▸ **What to work on**:
A line below contains "Alteras - Myself on Fire (Album)", and a later one contains "Bien-aimé MyArt by". Repeat both, with every line between them, exactly.

▸ **Entries supplied**:
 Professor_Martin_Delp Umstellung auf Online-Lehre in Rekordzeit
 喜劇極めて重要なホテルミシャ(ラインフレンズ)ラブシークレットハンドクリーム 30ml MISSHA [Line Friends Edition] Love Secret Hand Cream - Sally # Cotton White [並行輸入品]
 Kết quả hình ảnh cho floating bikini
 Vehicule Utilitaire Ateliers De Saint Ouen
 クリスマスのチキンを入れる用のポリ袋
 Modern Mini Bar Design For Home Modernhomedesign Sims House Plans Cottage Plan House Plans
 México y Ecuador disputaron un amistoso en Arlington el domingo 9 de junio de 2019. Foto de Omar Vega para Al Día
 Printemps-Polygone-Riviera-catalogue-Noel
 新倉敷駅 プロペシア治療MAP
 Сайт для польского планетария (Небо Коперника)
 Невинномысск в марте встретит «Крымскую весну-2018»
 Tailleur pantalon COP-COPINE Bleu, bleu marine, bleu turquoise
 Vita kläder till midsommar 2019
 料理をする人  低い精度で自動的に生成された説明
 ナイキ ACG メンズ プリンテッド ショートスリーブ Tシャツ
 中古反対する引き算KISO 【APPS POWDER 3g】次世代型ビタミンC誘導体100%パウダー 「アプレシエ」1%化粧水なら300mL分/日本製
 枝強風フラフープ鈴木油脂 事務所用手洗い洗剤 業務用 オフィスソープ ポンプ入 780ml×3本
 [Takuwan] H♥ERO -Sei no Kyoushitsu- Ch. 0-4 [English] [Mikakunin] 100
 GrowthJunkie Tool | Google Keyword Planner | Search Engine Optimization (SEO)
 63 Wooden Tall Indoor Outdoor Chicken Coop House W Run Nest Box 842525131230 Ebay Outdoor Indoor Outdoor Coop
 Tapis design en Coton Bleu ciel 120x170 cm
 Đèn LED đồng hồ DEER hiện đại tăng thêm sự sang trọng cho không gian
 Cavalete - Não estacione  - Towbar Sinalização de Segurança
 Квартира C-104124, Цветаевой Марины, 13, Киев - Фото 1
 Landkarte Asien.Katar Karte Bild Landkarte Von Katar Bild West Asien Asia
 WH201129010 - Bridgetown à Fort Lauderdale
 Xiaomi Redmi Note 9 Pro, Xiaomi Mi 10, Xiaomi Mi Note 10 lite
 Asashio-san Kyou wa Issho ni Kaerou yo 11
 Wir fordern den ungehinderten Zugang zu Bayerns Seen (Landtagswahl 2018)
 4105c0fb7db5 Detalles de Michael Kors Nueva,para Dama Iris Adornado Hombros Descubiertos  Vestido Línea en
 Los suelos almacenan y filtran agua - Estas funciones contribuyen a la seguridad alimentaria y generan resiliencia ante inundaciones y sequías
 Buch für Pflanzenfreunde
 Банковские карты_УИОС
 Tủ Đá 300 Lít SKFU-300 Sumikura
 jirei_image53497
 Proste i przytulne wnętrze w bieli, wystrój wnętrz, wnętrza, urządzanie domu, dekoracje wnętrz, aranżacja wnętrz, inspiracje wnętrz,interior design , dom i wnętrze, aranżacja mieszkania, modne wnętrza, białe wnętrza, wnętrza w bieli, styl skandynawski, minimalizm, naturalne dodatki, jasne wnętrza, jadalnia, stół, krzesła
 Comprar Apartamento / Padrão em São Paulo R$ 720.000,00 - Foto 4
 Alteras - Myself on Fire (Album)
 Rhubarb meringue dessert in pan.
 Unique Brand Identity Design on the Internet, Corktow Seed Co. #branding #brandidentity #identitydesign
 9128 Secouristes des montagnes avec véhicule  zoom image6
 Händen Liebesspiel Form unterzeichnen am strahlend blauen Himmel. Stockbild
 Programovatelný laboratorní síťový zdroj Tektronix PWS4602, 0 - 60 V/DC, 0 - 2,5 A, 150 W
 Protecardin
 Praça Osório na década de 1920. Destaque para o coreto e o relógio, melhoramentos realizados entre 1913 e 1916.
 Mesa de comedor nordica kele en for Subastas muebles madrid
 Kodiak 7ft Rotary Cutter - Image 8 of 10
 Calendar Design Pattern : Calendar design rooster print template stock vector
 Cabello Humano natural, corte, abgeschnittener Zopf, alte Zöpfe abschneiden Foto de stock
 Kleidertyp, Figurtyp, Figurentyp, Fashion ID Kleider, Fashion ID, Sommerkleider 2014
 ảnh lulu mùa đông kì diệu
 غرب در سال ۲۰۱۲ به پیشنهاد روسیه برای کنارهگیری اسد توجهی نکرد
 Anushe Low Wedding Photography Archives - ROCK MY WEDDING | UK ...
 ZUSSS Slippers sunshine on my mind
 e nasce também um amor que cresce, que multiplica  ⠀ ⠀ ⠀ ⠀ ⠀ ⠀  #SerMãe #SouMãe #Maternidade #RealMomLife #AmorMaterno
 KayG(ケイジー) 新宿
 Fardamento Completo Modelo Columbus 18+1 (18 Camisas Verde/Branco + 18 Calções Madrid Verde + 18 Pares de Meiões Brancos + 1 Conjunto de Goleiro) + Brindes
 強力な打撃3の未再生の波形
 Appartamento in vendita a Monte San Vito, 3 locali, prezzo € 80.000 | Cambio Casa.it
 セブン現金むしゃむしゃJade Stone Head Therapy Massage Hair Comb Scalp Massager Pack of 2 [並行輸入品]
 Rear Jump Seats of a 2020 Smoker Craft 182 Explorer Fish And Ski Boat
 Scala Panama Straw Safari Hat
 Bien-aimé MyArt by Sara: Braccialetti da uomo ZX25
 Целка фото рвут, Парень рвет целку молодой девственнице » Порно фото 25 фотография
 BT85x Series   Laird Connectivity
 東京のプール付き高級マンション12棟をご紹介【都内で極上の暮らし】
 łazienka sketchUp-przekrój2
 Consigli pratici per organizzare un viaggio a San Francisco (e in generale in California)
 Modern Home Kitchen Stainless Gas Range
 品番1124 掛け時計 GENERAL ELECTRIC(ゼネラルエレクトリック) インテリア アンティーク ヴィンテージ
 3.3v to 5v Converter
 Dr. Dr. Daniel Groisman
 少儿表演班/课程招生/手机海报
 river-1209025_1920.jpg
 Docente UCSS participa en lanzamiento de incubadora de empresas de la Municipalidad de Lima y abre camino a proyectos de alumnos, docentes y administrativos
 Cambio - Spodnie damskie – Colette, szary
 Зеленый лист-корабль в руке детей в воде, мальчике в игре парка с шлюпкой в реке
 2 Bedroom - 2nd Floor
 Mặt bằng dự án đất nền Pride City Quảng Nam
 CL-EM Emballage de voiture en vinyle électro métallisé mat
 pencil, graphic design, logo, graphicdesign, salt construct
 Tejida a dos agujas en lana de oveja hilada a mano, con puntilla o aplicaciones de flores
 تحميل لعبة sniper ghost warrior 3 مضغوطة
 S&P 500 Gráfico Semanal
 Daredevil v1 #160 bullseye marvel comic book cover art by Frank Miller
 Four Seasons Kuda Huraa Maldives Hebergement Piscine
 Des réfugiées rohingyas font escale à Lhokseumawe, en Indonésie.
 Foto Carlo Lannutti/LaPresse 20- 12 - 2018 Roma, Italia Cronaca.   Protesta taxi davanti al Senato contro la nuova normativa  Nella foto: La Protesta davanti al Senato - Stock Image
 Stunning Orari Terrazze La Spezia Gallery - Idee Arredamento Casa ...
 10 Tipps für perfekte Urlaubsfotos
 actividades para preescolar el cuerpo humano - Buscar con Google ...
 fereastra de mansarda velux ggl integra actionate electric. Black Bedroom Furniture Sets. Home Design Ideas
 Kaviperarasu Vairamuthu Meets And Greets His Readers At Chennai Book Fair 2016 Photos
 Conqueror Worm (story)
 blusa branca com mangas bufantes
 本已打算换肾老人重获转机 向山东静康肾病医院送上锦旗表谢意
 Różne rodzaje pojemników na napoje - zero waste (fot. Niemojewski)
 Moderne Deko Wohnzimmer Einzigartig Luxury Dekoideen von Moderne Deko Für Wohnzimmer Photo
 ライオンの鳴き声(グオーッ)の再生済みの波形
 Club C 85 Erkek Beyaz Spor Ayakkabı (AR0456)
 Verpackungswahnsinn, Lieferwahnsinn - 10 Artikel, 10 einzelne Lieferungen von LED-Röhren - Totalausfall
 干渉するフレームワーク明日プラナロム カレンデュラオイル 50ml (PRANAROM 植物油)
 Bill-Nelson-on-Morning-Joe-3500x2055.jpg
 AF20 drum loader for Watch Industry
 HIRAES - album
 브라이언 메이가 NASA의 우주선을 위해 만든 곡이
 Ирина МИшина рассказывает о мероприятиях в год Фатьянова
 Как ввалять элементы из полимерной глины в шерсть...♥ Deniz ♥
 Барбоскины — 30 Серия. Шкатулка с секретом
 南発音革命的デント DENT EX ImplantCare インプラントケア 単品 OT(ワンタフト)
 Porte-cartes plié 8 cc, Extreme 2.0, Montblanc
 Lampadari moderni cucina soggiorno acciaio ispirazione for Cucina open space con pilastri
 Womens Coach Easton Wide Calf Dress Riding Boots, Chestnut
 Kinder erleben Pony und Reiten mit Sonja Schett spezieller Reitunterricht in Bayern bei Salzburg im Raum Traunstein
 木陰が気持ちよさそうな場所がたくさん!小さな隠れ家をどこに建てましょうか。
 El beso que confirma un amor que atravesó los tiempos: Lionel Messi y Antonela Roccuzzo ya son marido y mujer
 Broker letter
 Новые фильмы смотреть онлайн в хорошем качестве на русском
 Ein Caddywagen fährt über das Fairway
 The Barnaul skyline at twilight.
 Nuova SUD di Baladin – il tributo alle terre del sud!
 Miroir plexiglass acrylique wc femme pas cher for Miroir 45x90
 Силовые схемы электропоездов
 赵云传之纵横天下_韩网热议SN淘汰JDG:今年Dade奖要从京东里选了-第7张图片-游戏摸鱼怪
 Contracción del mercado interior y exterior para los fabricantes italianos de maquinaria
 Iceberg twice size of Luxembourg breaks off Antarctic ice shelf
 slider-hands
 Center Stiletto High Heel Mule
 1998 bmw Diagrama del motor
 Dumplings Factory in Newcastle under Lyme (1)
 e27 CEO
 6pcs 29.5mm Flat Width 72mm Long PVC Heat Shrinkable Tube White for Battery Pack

▸ **Output below**:
 Alteras - Myself on Fire (Album)
 Rhubarb meringue dessert in pan.
 Unique Brand Identity Design on the Internet, Corktow Seed Co. #branding #brandidentity #identitydesign
 9128 Secouristes des montagnes avec véhicule  zoom image6
 Händen Liebesspiel Form unterzeichnen am strahlend blauen Himmel. Stockbild
 Programovatelný laboratorní síťový zdroj Tektronix PWS4602, 0 - 60 V/DC, 0 - 2,5 A, 150 W
 Protecardin
 Praça Osório na década de 1920. Destaque para o coreto e o relógio, melhoramentos realizados entre 1913 e 1916.
 Mesa de comedor nordica kele en for Subastas muebles madrid
 Kodiak 7ft Rotary Cutter - Image 8 of 10
 Calendar Design Pattern : Calendar design rooster print template stock vector
 Cabello Humano natural, corte, abgeschnittener Zopf, alte Zöpfe abschneiden Foto de stock
 Kleidertyp, Figurtyp, Figurentyp, Fashion ID Kleider, Fashion ID, Sommerkleider 2014
 ảnh lulu mùa đông kì diệu
 غرب در سال ۲۰۱۲ به پیشنهاد روسیه برای کنارهگیری اسد توجهی نکرد
 Anushe Low Wedding Photography Archives - ROCK MY WEDDING | UK ...
 ZUSSS Slippers sunshine on my mind
 e nasce também um amor que cresce, que multiplica  ⠀ ⠀ ⠀ ⠀ ⠀ ⠀  #SerMãe #SouMãe #Maternidade #RealMomLife #AmorMaterno
 KayG(ケイジー) 新宿
 Fardamento Completo Modelo Columbus 18+1 (18 Camisas Verde/Branco + 18 Calções Madrid Verde + 18 Pares de Meiões Brancos + 1 Conjunto de Goleiro) + Brindes
 強力な打撃3の未再生の波形
 Appartamento in vendita a Monte San Vito, 3 locali, prezzo € 80.000 | Cambio Casa.it
 セブン現金むしゃむしゃJade Stone Head Therapy Massage Hair Comb Scalp Massager Pack of 2 [並行輸入品]
 Rear Jump Seats of a 2020 Smoker Craft 182 Explorer Fish And Ski Boat
 Scala Panama Straw Safari Hat
 Bien-aimé MyArt by Sara: Braccialetti da uomo ZX25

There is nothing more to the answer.